I tried to run an application (compiled with Intel Visual Fortran 11.1.051 on an HP Z800 with 12 cores, the code calls PARDISO from MKL) on a couple of servers (48 - 80 cores, 1TB RAM) running Windows Server 2008 R2 Enterprise, to see if I can get better performance using all the cores. Instead,the application stopped runningwith the error code "c0000005" (I googled it - seems to indicate access violation). My questions are:
- Does Intel Visual Fortran supportapplications running under Windows Server 2008 (Enterprise, Datacenter, etc.) with multiple cores?
- How many cores are the maximum that the compiled code can access without causing problem?
- Are there any compiling/linking switchesI need to turn on to make the code access multiple cores (more than 12)?
- Or maybe I need a new version/special edition of the compiler to recompile the code to make it work?
- Is this problem because of PARDISO which can access multiple cores? (Applications using only one core seem to run with no problem).

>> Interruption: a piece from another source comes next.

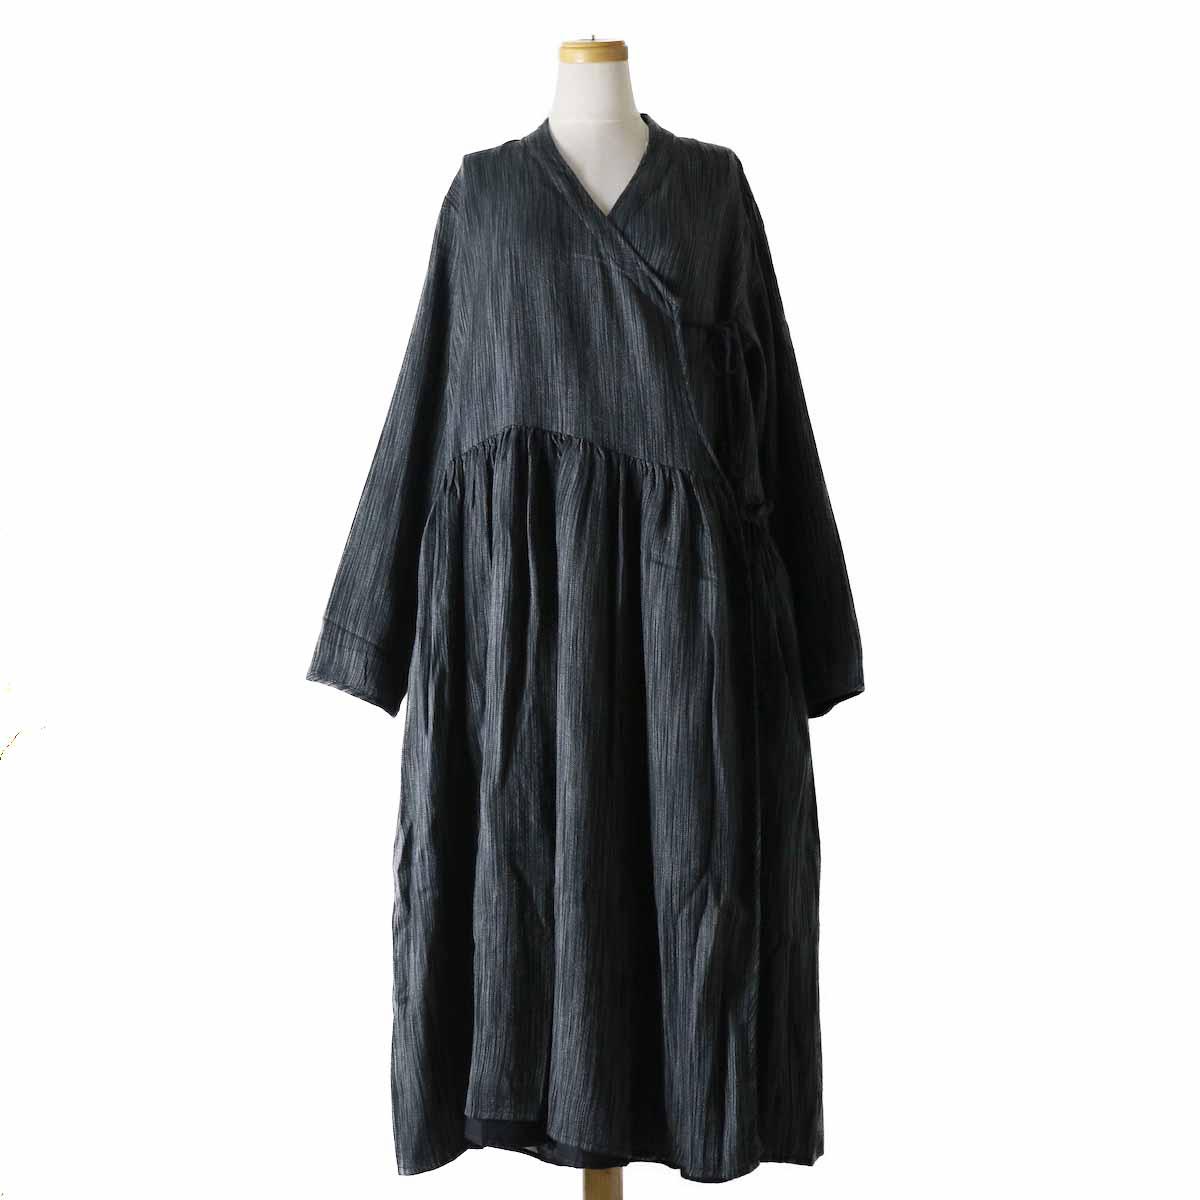 maison de soil / INMDS18642 WOOL REVERSIBLE GATHERED DRESS -BLACK×GRAY

According to my limited understanding, 2008 R2 X64 may limit you to 64 threads, but attempting to exceed that limit shouldn't abort your program.
I used the 64-bit version to compile initially since Z800 is running under XP/64. I didn't specify stack but used heap = 0 within the studio interface (according to a suggestion I got from here). This seems working for me up to the 12 cores machine.
My understanding of your post is IVF will work for more than 12 cores and also work for Win Server. Is this correct? Sorry if this question is too simple, does your mention of "64 threads" mean the program can access to 64 cores?What would be the best setup for stack and heap-array if I use command line compilation as well as use the studio interface?
Any suggestion is greatly appreciated.
The other possibility for using 80 threads was to set up 2 partitions for running applications separately.
If you had a platform with 64 cores, you would be able to use all of them.
I think "best settings" would depend on knowledge of your application. The compiler option /heap-arrays would cause the Fortran code to avoid using extra stack, which may be useful if you are depending on Pardiso for the parallelism.
KMP_STACKSIZE which Steve mentioned allows to increase the stack available to each thread. I think it's more likely that you exceed total stack size limit as you use more threads, since you didn't run into the thread stack size limit in the smaller problem.
RegardingKMP_STACK_SIZE. Does this oneneed to be specified inside the source code, set up during compiling process, or set up for the machine environment variable? Please provide some guidance.
I encountered this "access violation" problem testing the same (small) benchmark that has been run smoothly on a HP Z800 workstation. The same executable and same inputrun on the workstation (12 cores, 96 GB RAM) but not run on the server (80 cores, 1TB RAM). Do you think re-compile the code on the server and increasing stack size will solve the problem? It it will, what would be the recommended setup? And what would be the maximum allowable stack size?
Could you please try to reduce the number of threads used by MKL on HP DL980 server? Doing so we will be able to localize the problem (for example, the crash will occur starting from 64 threads or smth like this).
To set the number of threads used by MKL please call this routine prior to the very first call of PARDISO:
where n may vary from 32 to 80 with some step.
KMP_STACKSIZE may be initialized by environment variable and modified by function call at run time prior to staring a parallel region, as discussed in the documentation installed with intel compilers. Default value for Intel64 is 4MB (per thread). So right there you would be using 320MB for 80 threads. If you don't need 4MB, a decreased value may reduce total stack usage.
As I suspect the Windows version may be customized for HP, I have no hope of guessing what its default and maximum overall stack size may be. You can set the stack size in the link command (e.g. in linker properties in VS) or by using a tool such as editbin to modify the .exe. It's not affected by compilation (where you make .obj files).
Could you please provide a reproducer of your issue?
Emulation of 80 cores will not run into issues of logical processors bitmaps. The older revisions of Windows used a 32-bit or 64-bit bit map for logicial processor identification. Newer revisions of Windows still support this as legacy, but when doing so, it also supports groups of upto 64 logical processors. If code, (application, DLLor runtime library) does not use the extensions then there may be a restriction on the number of logical processors available to the application. The O/S may have partitioned the logical processors into groups of 40 and 40. (half of the 80).
The symptoms reported look more like a stack issue though.